Reporters sans frontières accueille à la fois avec satisfaction et prudence la nouvelle des inculpations, le 18 janvier 2014, de neuf personnes soupçonnées d’implication dans l’assassinat de Jean Léopold Dominique, le 3 avril 2000 à Port-au-Prince. L’attentat meurtrier contre le directeur de Radio Haïti Interavait également coûté la vie au gardien de la station Jean-Claude Louissaint.
“Nous saluons un pas judiciaire important, quasi inespéré après des années d’enlisement et d’impunité dans un dossier qui aura mobilisé sept magistrats instructeurs. L’enquête avait certes été relancée le 8 mai 2013 avec l’audition comme témoin de l’ancien président de la République Jean-Bertrand Aristide, dont les neuf inculpés sont réputés proches. Il s’agit maintenant d’établir les niveaux de responsabilité avec précision, à l’appui des dépositions des neuf concernés. Aucun ne doit manquer à l’appel pour la suite de la procédure. La vérité doit enfin surgir, quatorze ans après les faits”, déclare Reporters sans frontières.
“Tout comme l’association SOS Journaliste, Reporters sans frontières demande en particulier que toutes les dispositions soient prises pour que Myrlande Lubérisse vienne s’expliquer devant la justice de son pays. L’ancienne sénatrice du parti Fanmi Lavalas de Jean-Bertrand Aristide est désignée dans le rapport du juge Yvikel Dabrésil comme commanditaire de l’assassinat de Jean Dominique. Les autorités des États-Unis, où réside l’intéressée, doivent accéder à son extradition s’il y a lieu”, ajoute l’organisation.
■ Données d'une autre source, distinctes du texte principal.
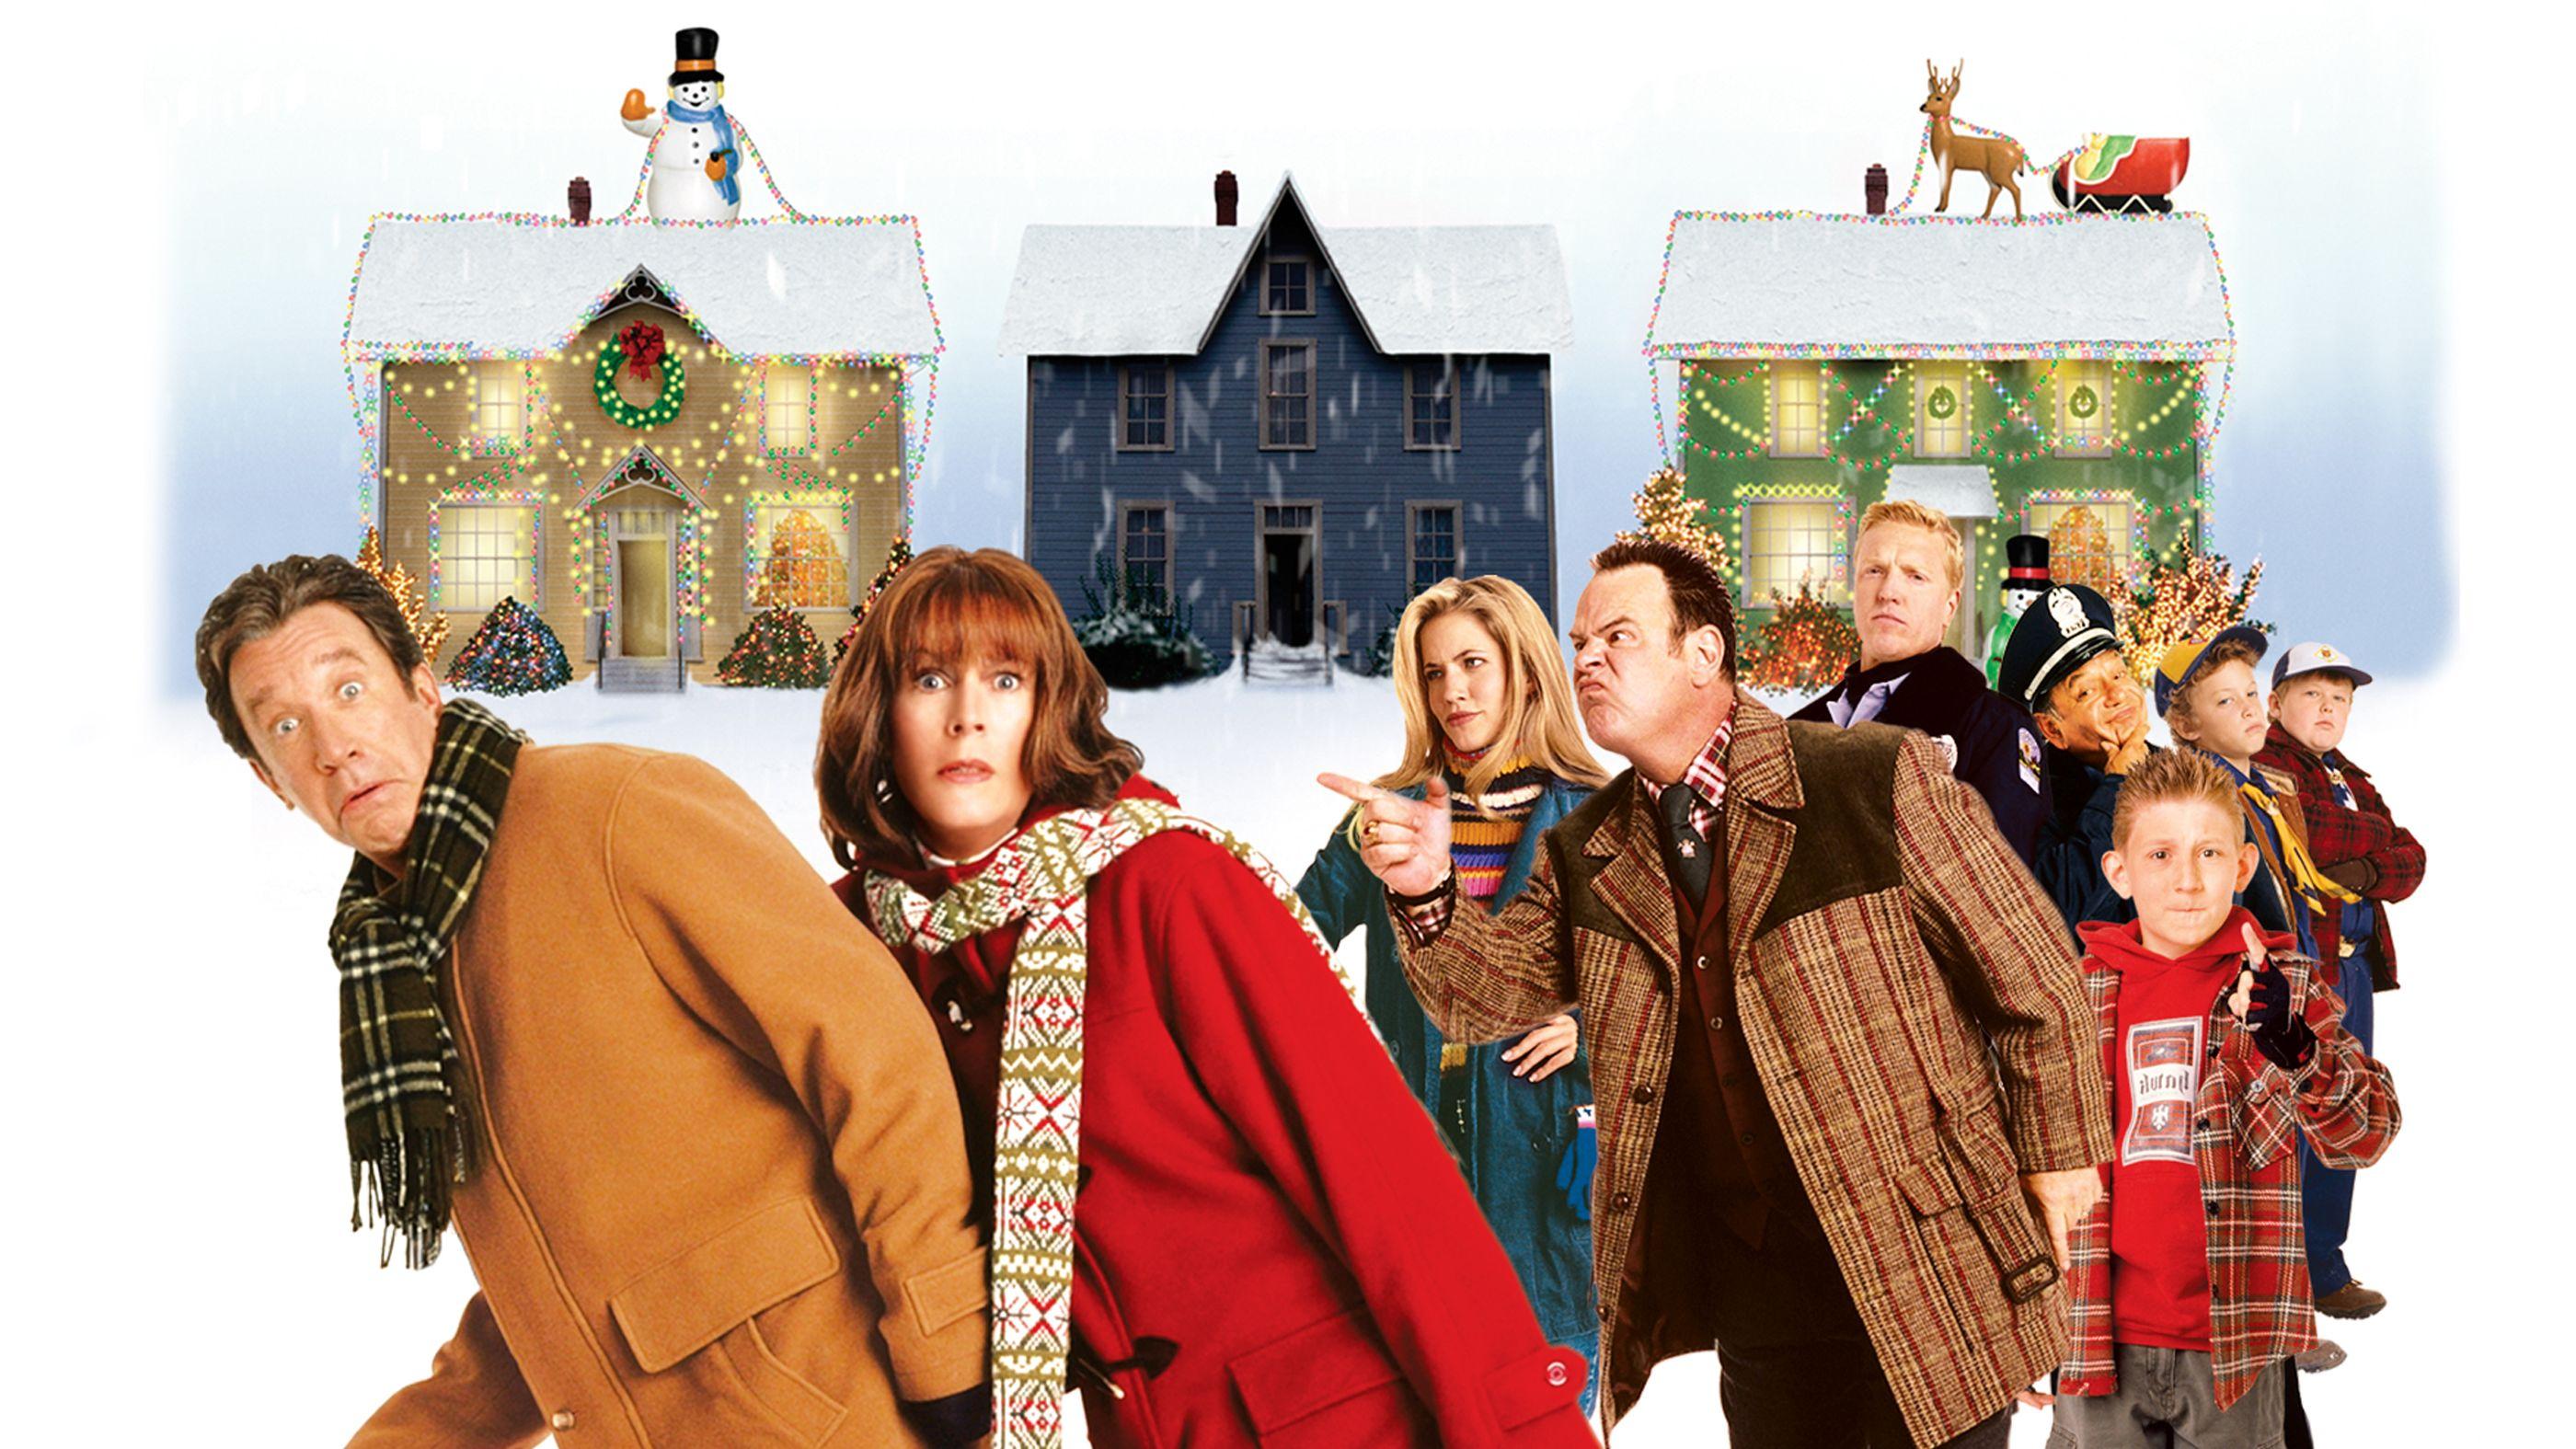 Christmas With The Kranks 2.Christmas With The Kranks Trailer

Le rapport du juge Dabrésil transmis le 18 janvier dernier à la Cour d’appel de Port-au-Prince fait également état des inculpations de : l’ancien maire adjoint de Port-au-Prince Harold Sévère, l’ancienne militante Lavalas et prêtresse vaudou Anne Augustin alias “Sô Ann”, ainsi que des hommes de mains Frantz “Franco” Camille, Toussaint Mercidieu, Mérité Milien, Dimsley Milien alias “Ti Lou” – déclaré mort par certains témoins -, Jeudi Jean-Daniel alias “Guimy” et Markington Michel. Ces trois derniers s’étaient évadés de prison en février 2005, deux ans après leur arrestation.
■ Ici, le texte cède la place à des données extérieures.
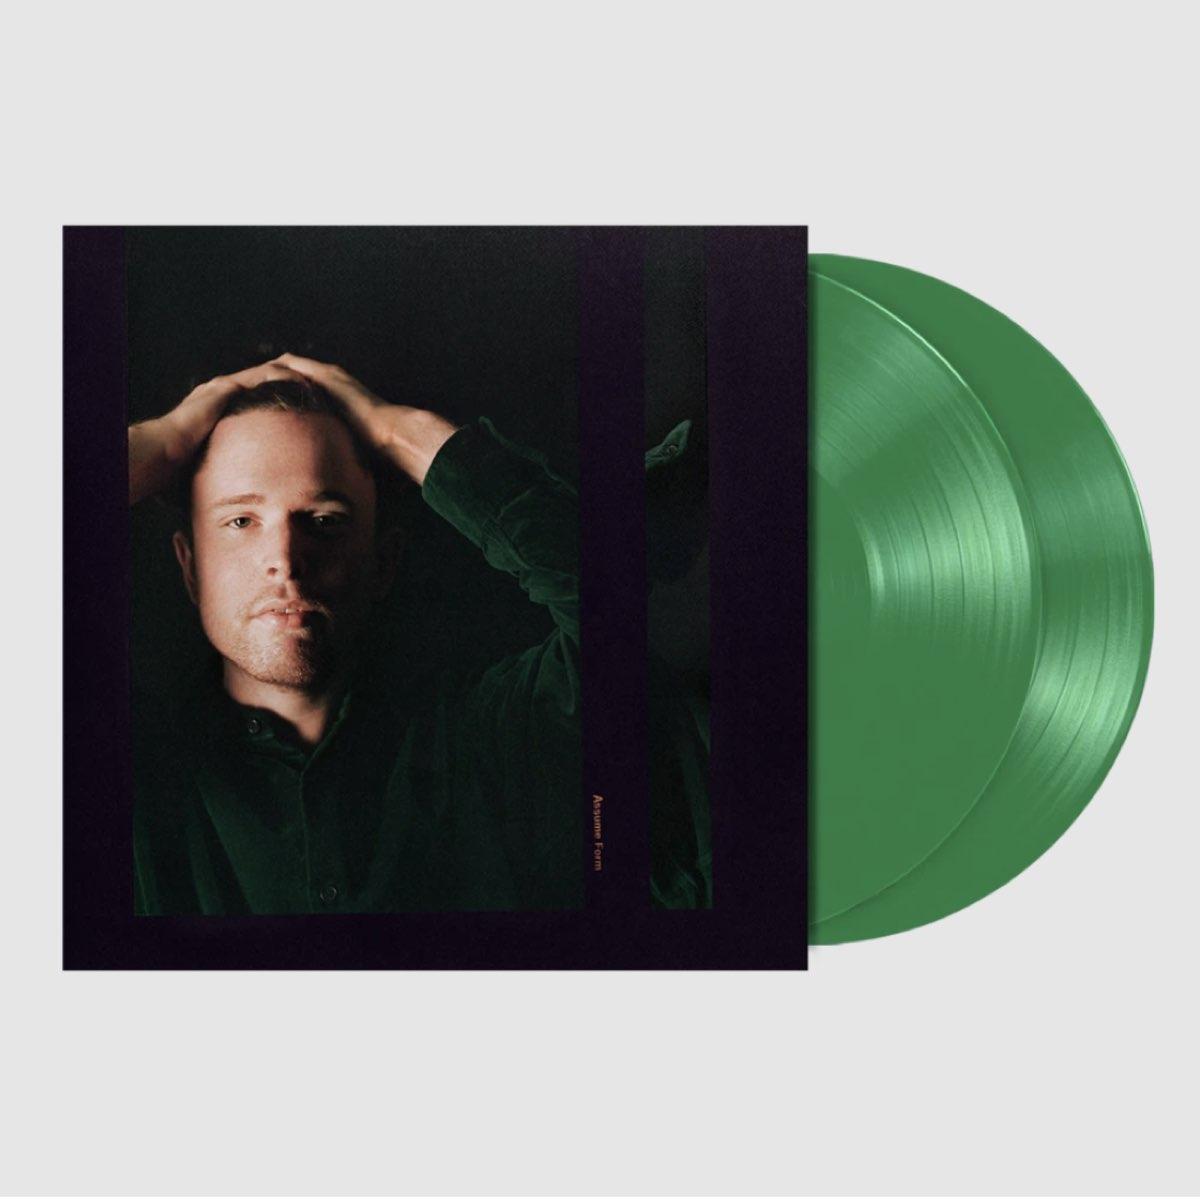 James Blake - Assume Form [Green Double Vinyl]

Politiquement très sensible, l’affaire Jean Dominique porte en elle une polarisation toujours très forte autour de la personne de l’ancien président Aristide, longtemps exilé puis revenu au pays en mars 2011. Certains témoignages recueillis par les magistrats et consignés dans le rapport du 18 janvier – dont celui de l’ancien chef de la sécurité de Jean-Bertrand Aristide, Oriel Jean – soutiennent la thèse selon laquelle l’ancien président aurait lui-même ordonné l’assassinat du journaliste, considéré comme une entrave à ses visées de retour au pouvoir à l’époque du crime.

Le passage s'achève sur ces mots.